沈清沅重新扣上纽扣,忍无可忍道:“你简直就是在无理取闹,我没见过你这样不讲道理的。”
“我不讲道理?”祝怀砚眼色更冷,勾唇嘲讽道。
“那你是真没见过不讲道理的,我不如亲自去除了那些烦人的蚊子,让你见识见识到底什么才叫不讲道理。”
说完转身去拿外套,沈清沅心口一紧,急忙追上去拦住他。
“你要干什么?”
他冷淡道:“回家。”
信他的鬼话。
沈清沅努力平缓心态,深吸一口气:“我做完这个项目,就不会再跟陈星池联系了,他只是客户而已。”
“那你对他笑什么?”祝怀砚动作有所迟缓,但还是冷哼道。
沈清沅嘴角一抽,不笑难道要哭吗?
“以后不会了。”
心里默默补充:疯狗,给你脸了。
无时无刻不在监视她,监视完不舒服的人也是他。
祝怀砚终是放下外套,将她拉入怀里,低头吻了吻她的眉心。
“你保证。”
沈清沅皱眉:“你过分了。”
“你就是还想联系。”祝怀砚语气发冷,神色渐复阴戾。
沈清沅愤愤咬牙:“我保证。”
他垂下眸,紧盯着她的眼睛,眼眶微红,酸涩地说一句。
“你吻吻我。”
沈清沅扭头就走,不想再搭理这个神经病。
手臂被他拉回来,重新圈入怀里,热切的吻压了下来。
辗转在她唇上,细细厮磨。
极具技巧性地诱她沉沦,好似怎么索取都不太够。
沈清沅刚要沉沦,感到他轻巧地离开,用着极具蛊惑,诱人的嗓音问她。
“秦煜吻技好还是我吻技好?”
她面上一阵发烫,对他更加无语,这也是能比的吗?
不一样,至少秦煜从来没有强迫过她。
怕他犯病,沈清沅咬着牙回答:“你。”
“你记得倒是很清楚。”祝怀砚又不悦了,沉着声冷哼。
沈清沅从没见过这么无理取闹的人。
真的。
她也冷哼:“是的啊,你要不走我也没机会跟别人在一起。

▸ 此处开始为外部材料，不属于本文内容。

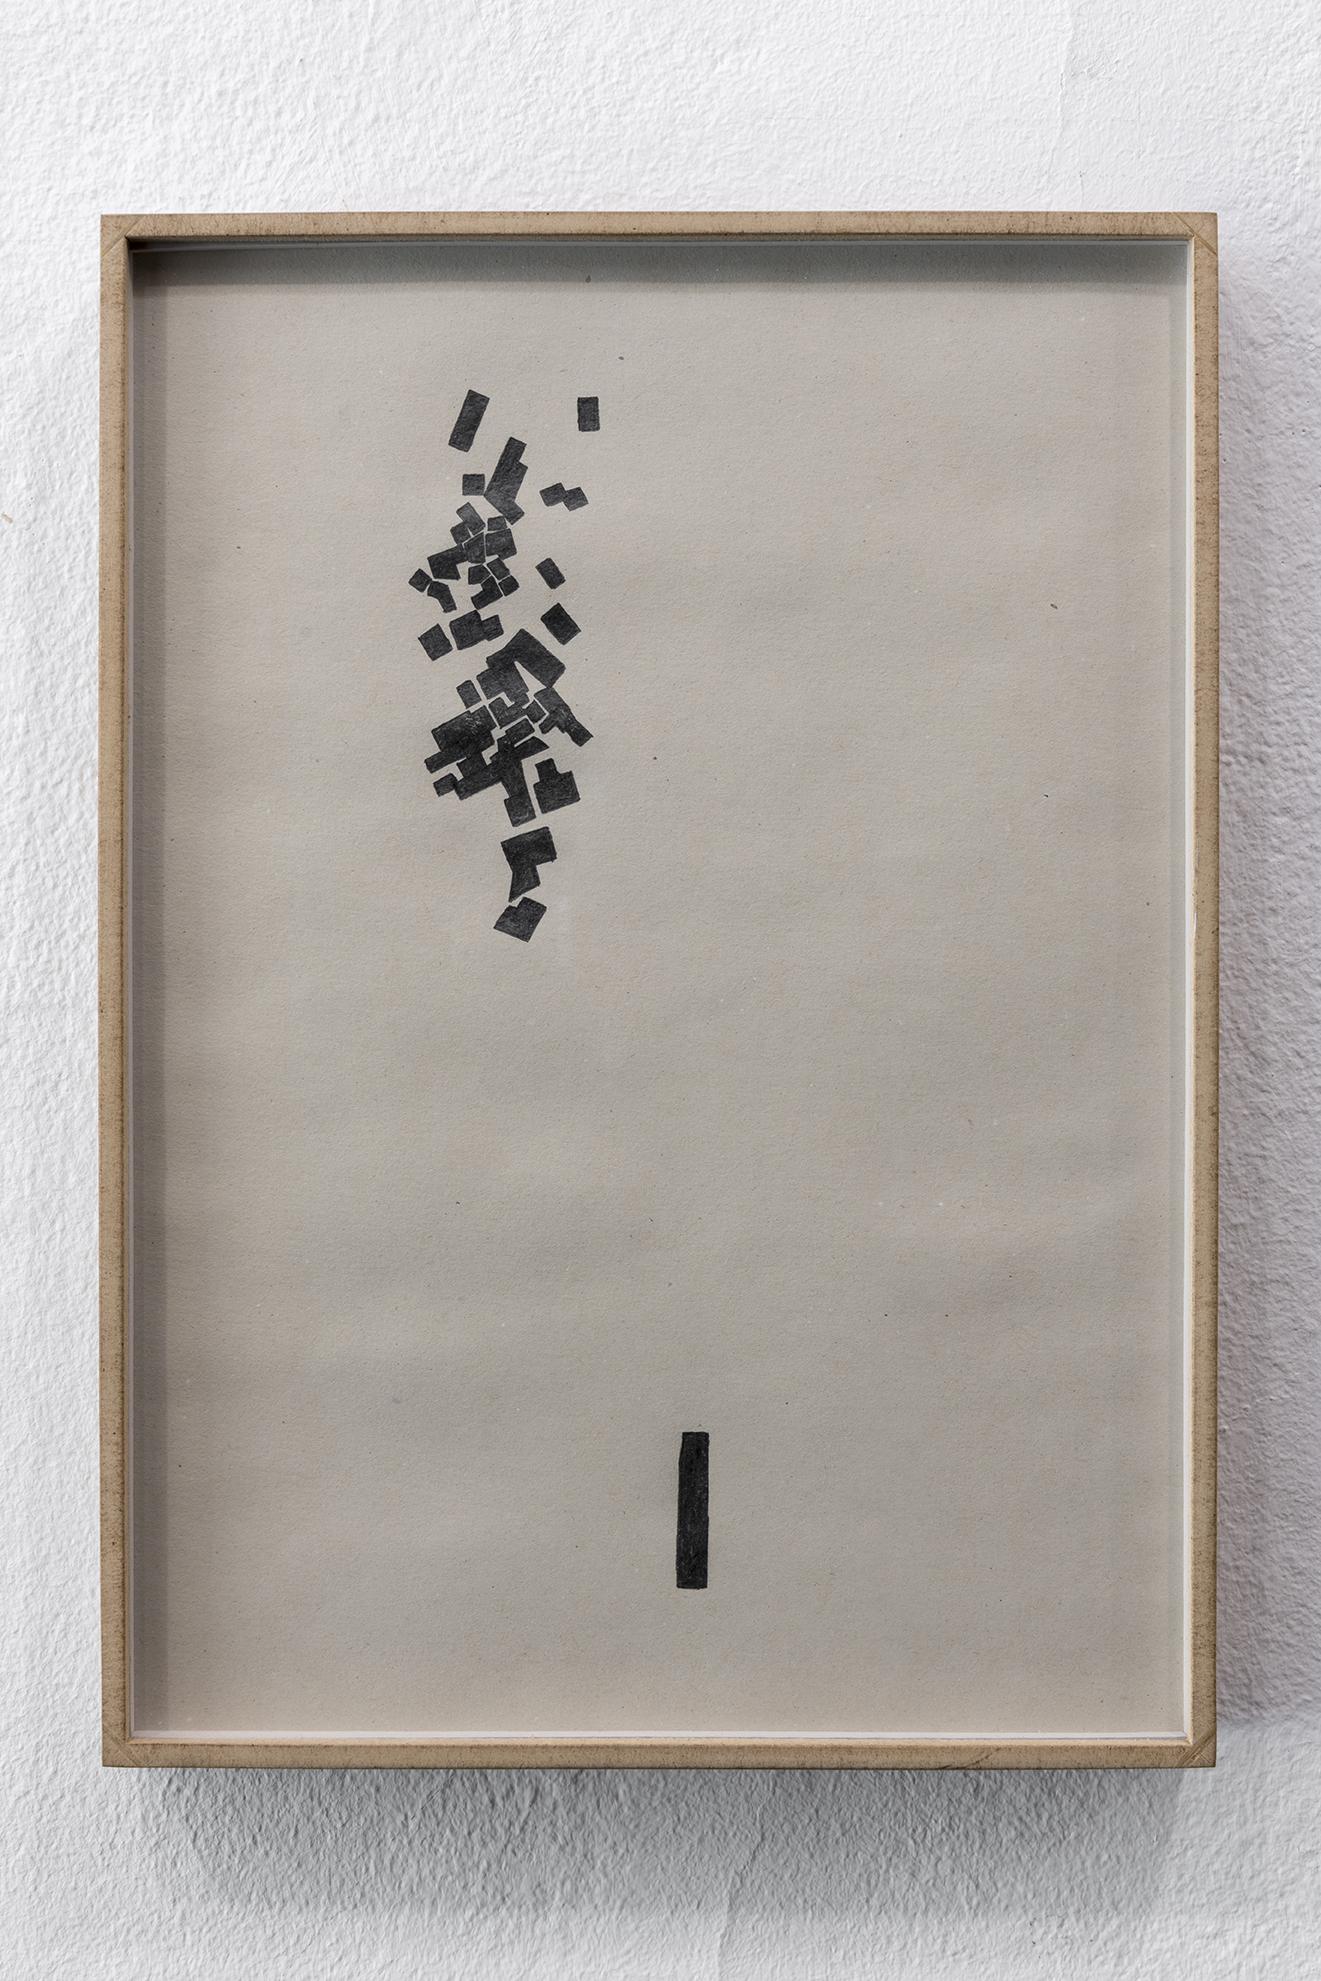 ORIOL ARIBAU. Untitled (CV), 2017 | Accrochage #4: Dauder, Jotta, Mendizabal & Oriol Aribau | ProjecteSD

”
他要一直不回来,她就嫁给别人了,成为别人的妻子,彻底将他抛之脑后。
她或许还跟别人会有可爱的孩子,长得像她,像那个该死的男人。
总之,不像他……
祝怀砚心口闷疼不已,脸色变得极其难看,薄唇泛出苍白的颜色。
久违的头疼感跟开了闸的洪水似的,源源不断涌上来。
这次的痛感来得太过汹涌。
他脸色愈发惨白,世界开始晃动,堪堪扶住她的肩膀。
一个没撑住,竟昏厥了过去。
-
沈清沅真的没想到。
自己能长本事把祝怀砚气晕住院。
医生仔细检查一番,又听沈清沅陈述完症状,安排了输液,才将她喊到诊室。
“祝先生是不是有在服用精神类药品?”
沈清沅点头:“有。”
说完从口袋里拿出药瓶递给他。
“建议停了,这个药是可以起到强制稳定情绪的作用,但对身体危害很大。”
“临时抑制可以,但不适用于长期,易引发头疼,心闷的症状,压抑太久容易产生消极情绪,抑郁心理。”
“药跟饭不一样,可不能乱吃。”
沈清沅微微低头,攥紧拳头,心情极其复杂。
“明白,谢谢医生。”
脑海中禁不住浮起祝怀砚说过的话。
「我可以吃一辈子。」
祝怀砚智商极高,不会不知道药物的副作用,真是不要命,还想吃一辈子。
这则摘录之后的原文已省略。